Exercise details: Begin with the line below holding "Oegema en Logistics logo" and go on through the line holding "凤庆县农村劳动力培训转移就业服务工作站", duplicating each line exactly and leaving out pictures.

Material provided:

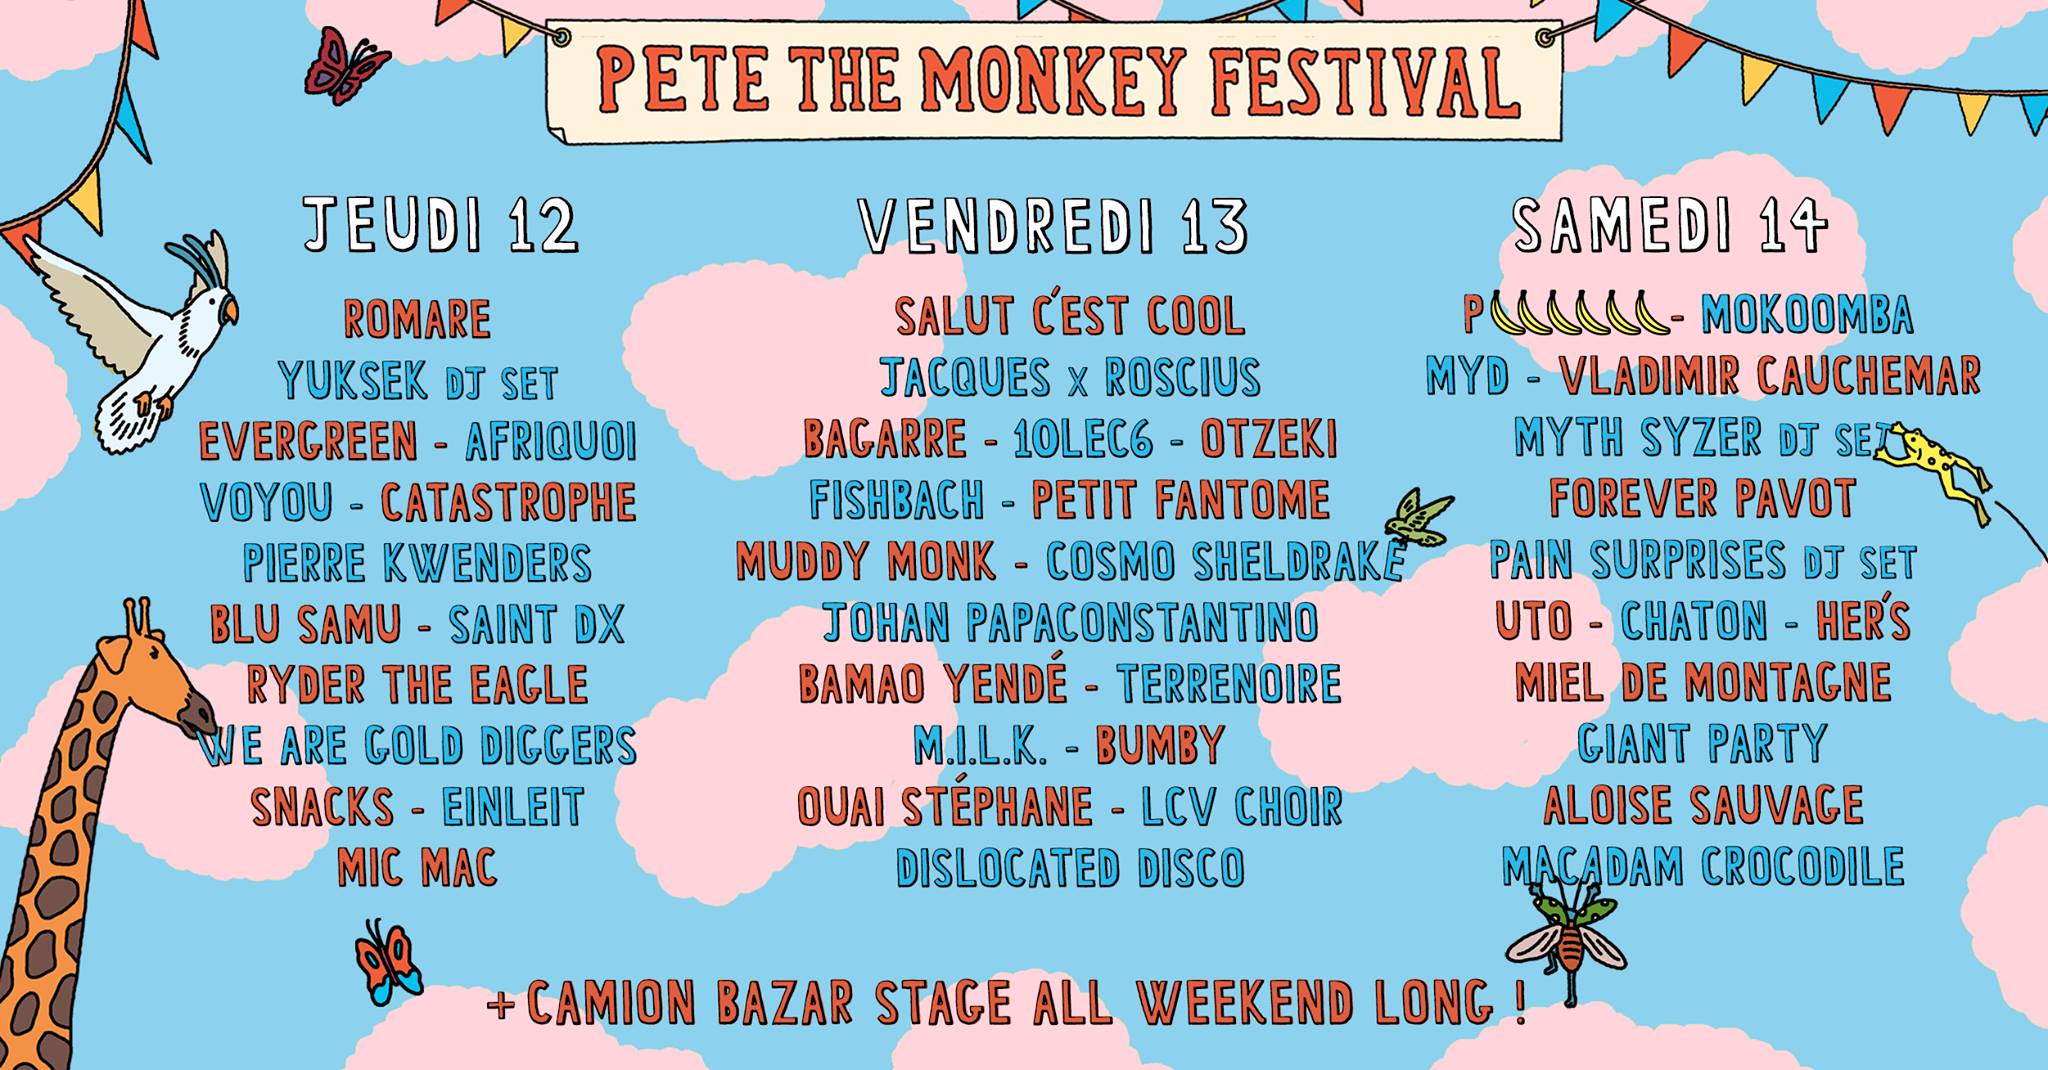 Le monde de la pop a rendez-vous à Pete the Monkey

--

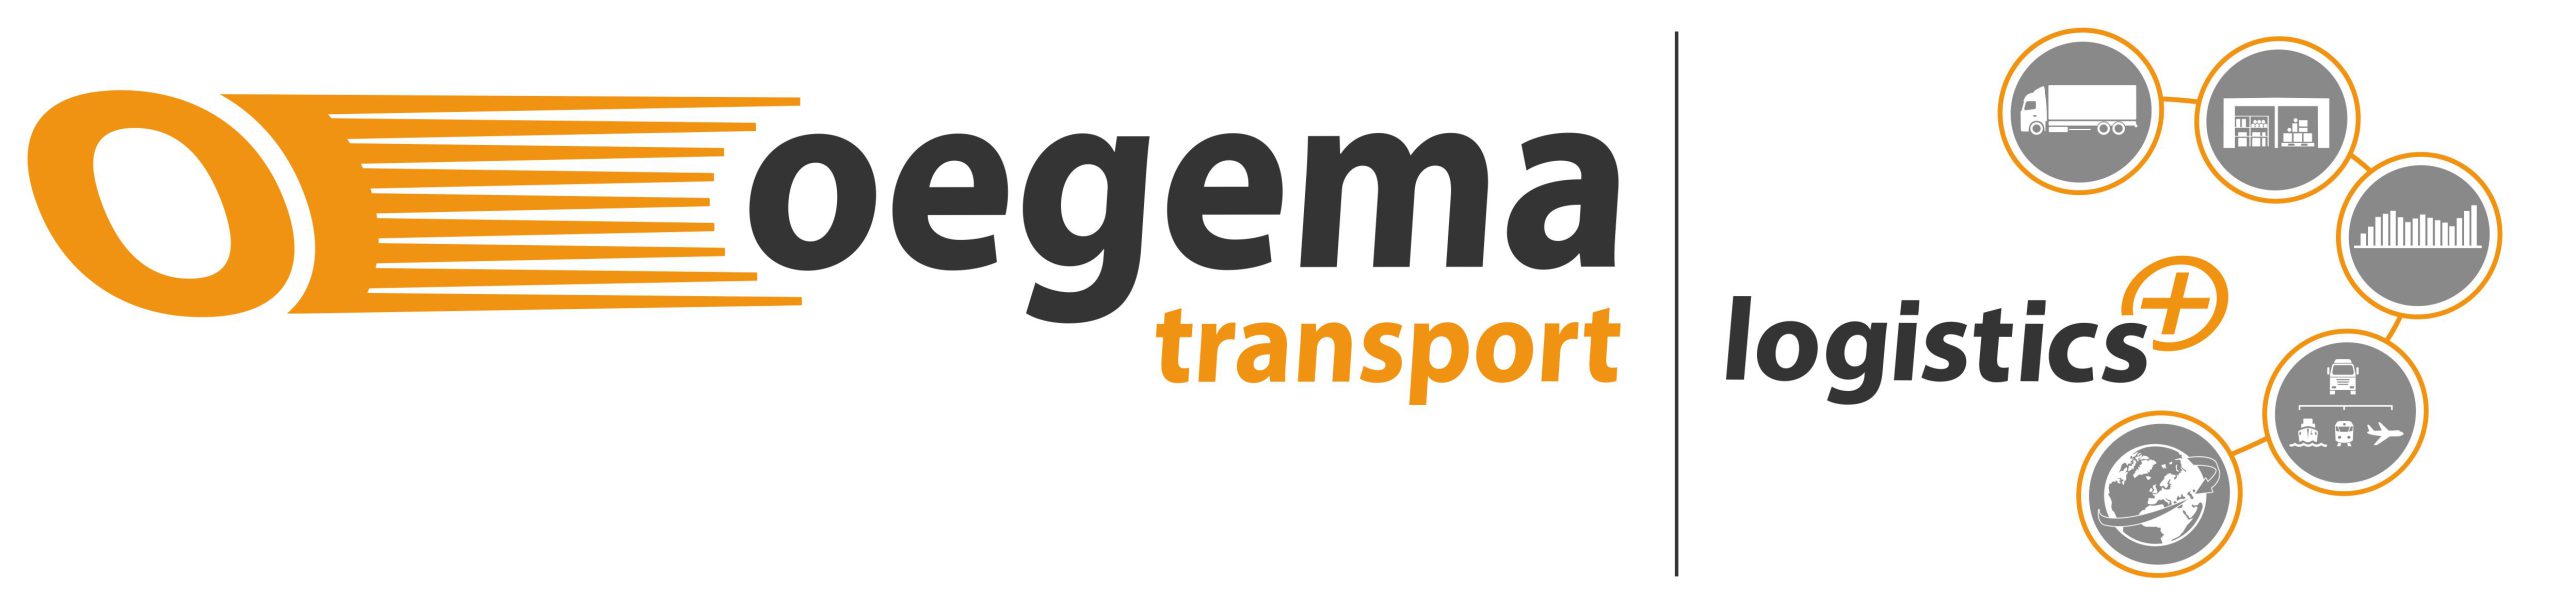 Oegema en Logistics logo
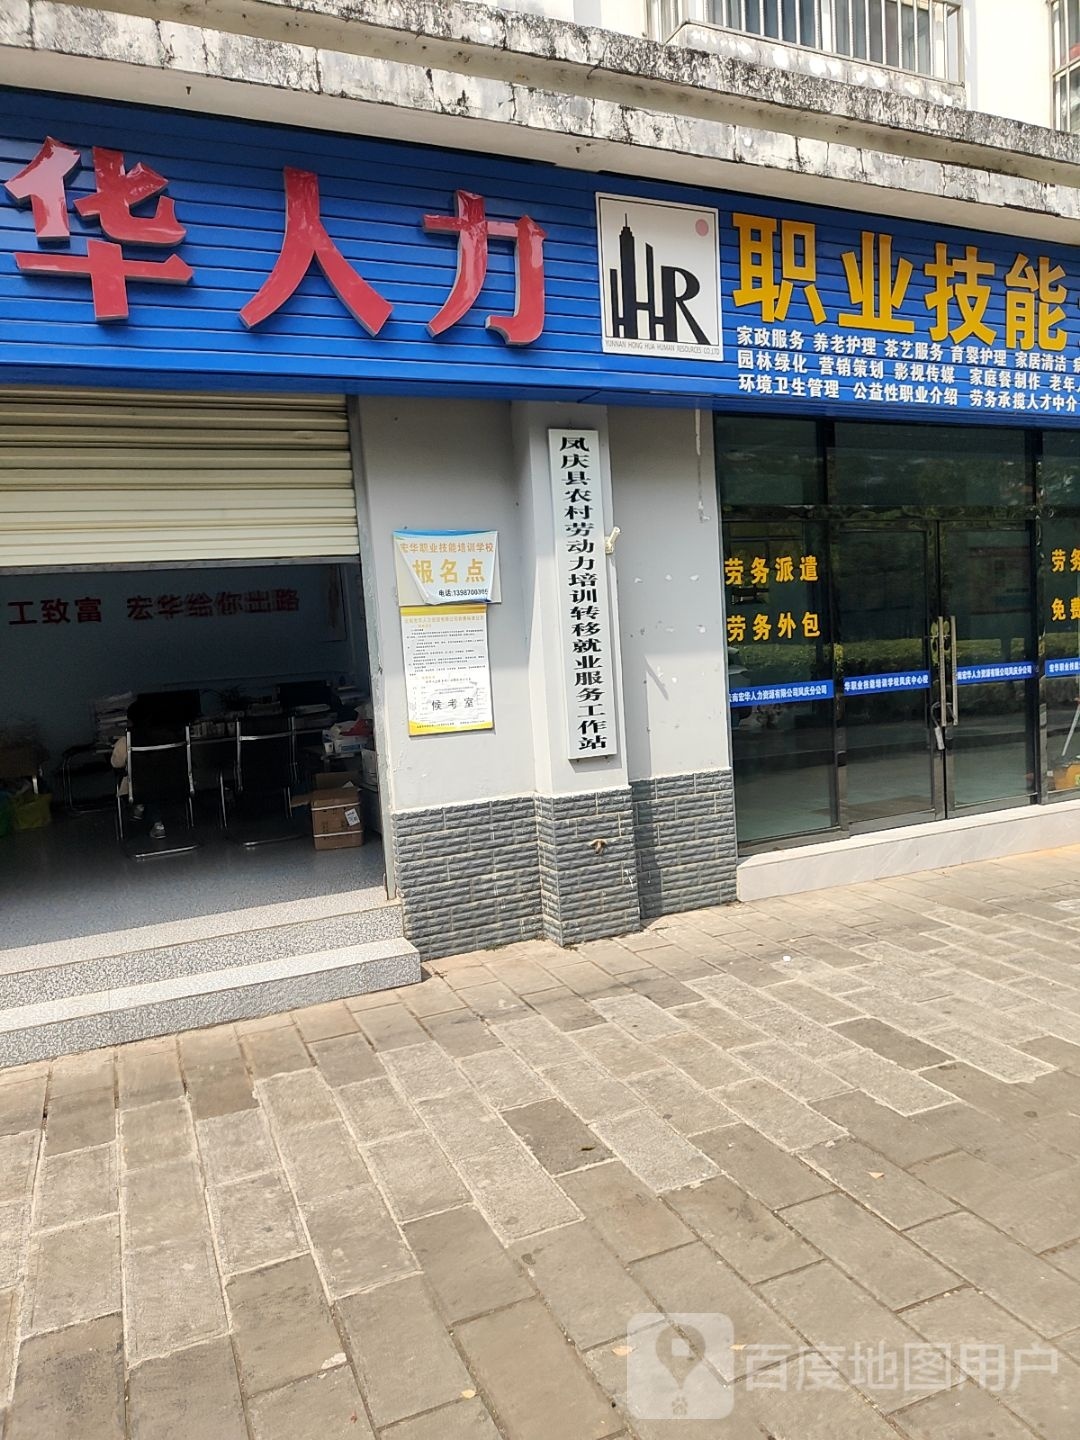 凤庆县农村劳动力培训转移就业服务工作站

Worked solution:
 Oegema en Logistics logo
 凤庆县农村劳动力培训转移就业服务工作站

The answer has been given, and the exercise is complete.